The dog-loving duo only works with German shorthairs and English pointers. The only difference between the dogs is the size of their tail.

“The German shorthairs have the dock tails and the English pointers have the long tails,” Rust said.

Outback Kennel receives dogs from people in Fort Scott and elsewhere.

Kirby Rust uses live birds to train the dogs. The dogs are introduced to the birds early to get them familiar with the scent. As part of their Outback Kennel business, the Rusts also take the dogs hunting to familiarize them with the situation.

The Rusts try to choose dogs that will point a bird, come when called and halt at the “whoa” command.

“We don’t want them to be shy. We want them to have good dispositions around people,” Rust said.

Some of the dogs they sell are raised by the Rusts from puppies. When they are around 6 weeks old, the training begins.

“They’ll start pointing about the same time they can start running,” Rust said.

The puppies are introduced to this new animal called “bird” to get them familiar with the winged creature.

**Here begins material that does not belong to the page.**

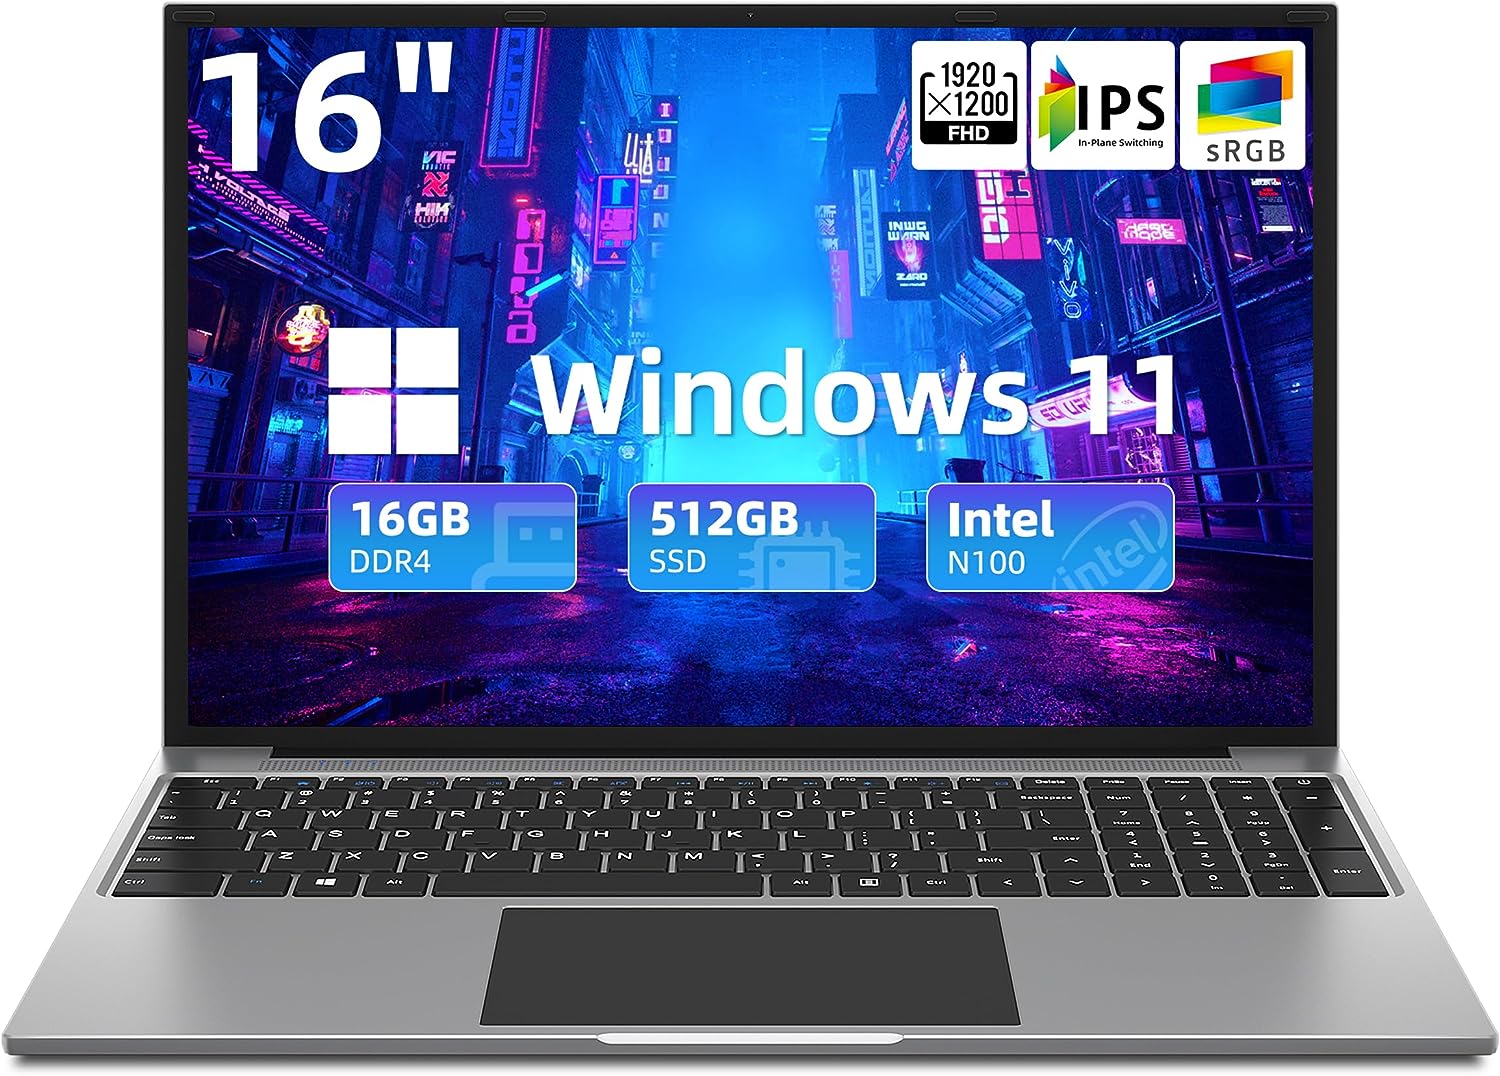 jumper Laptop, 16GB RAM 512GB SSD, Quad-Core Intel N100 Processor, 16

“You start with introducing the dog to what a bird is and getting them familiar with the scent,” Michelle Rust said.

To introduce the dogs to birds, the Rusts flip a wing in front of them, which will trigger their pointing instincts – called getting them “birdy.”

The Rusts take the dogs hunting to get them familiar with the situation. Pigeons caught from the local grain elevator and pen-raised quail from Palco also are used for training.

“There are some dogs who don’t like to point at a pen-raised bird, and for some dogs that’s all they’ll point,” Michelle Rust said. “It’s interesting how some dogs work better if they’re going to a hunting preserve, because that’s where they would run into pen-raised birds. But other dogs work better out in the open.”

One of Kirby and Michelle Rust's German shorthairs races into a field where the dog-loving duo train their dogs, including English pointers, to hunt for birds, at Outback Kennel in Kensington. The Rusts, who began the dog-training business four years ago, sell their trained dogs to people who live everywhere from California to New York.

Some dogs, like Bruce, are easy to train. Bruce is an exceptional puppy with high energy and great pointing form.

“Others you don’t think you’ll ever get them trained,” Kirby Rust said.

If a dog cannot be trained, it becomes a pet.

While not all dogs are trainable, he said, not all trained dogs are what he calls good bird dogs.

Kirby Rust said the number of good bird dogs in an average litter averaged about 50 percent, or 70 percent with a really good cross.

Outback Kennel produced an AKC champion called Magnum’s King of Aces, which is professionally handled.

Business at Outback Kennel, capacity of 40 pens, goes in spurts, Michelle Rust said. Business picks up in June and begins to slow the first part of the following May.

They sell dogs from California to New York.

The Rusts are the kennel’s only employees, aside from their two children. The couple’s 3-year-old daughter, Iva, helps exercise the dogs. She will be a good example for her baby sister, Sydni.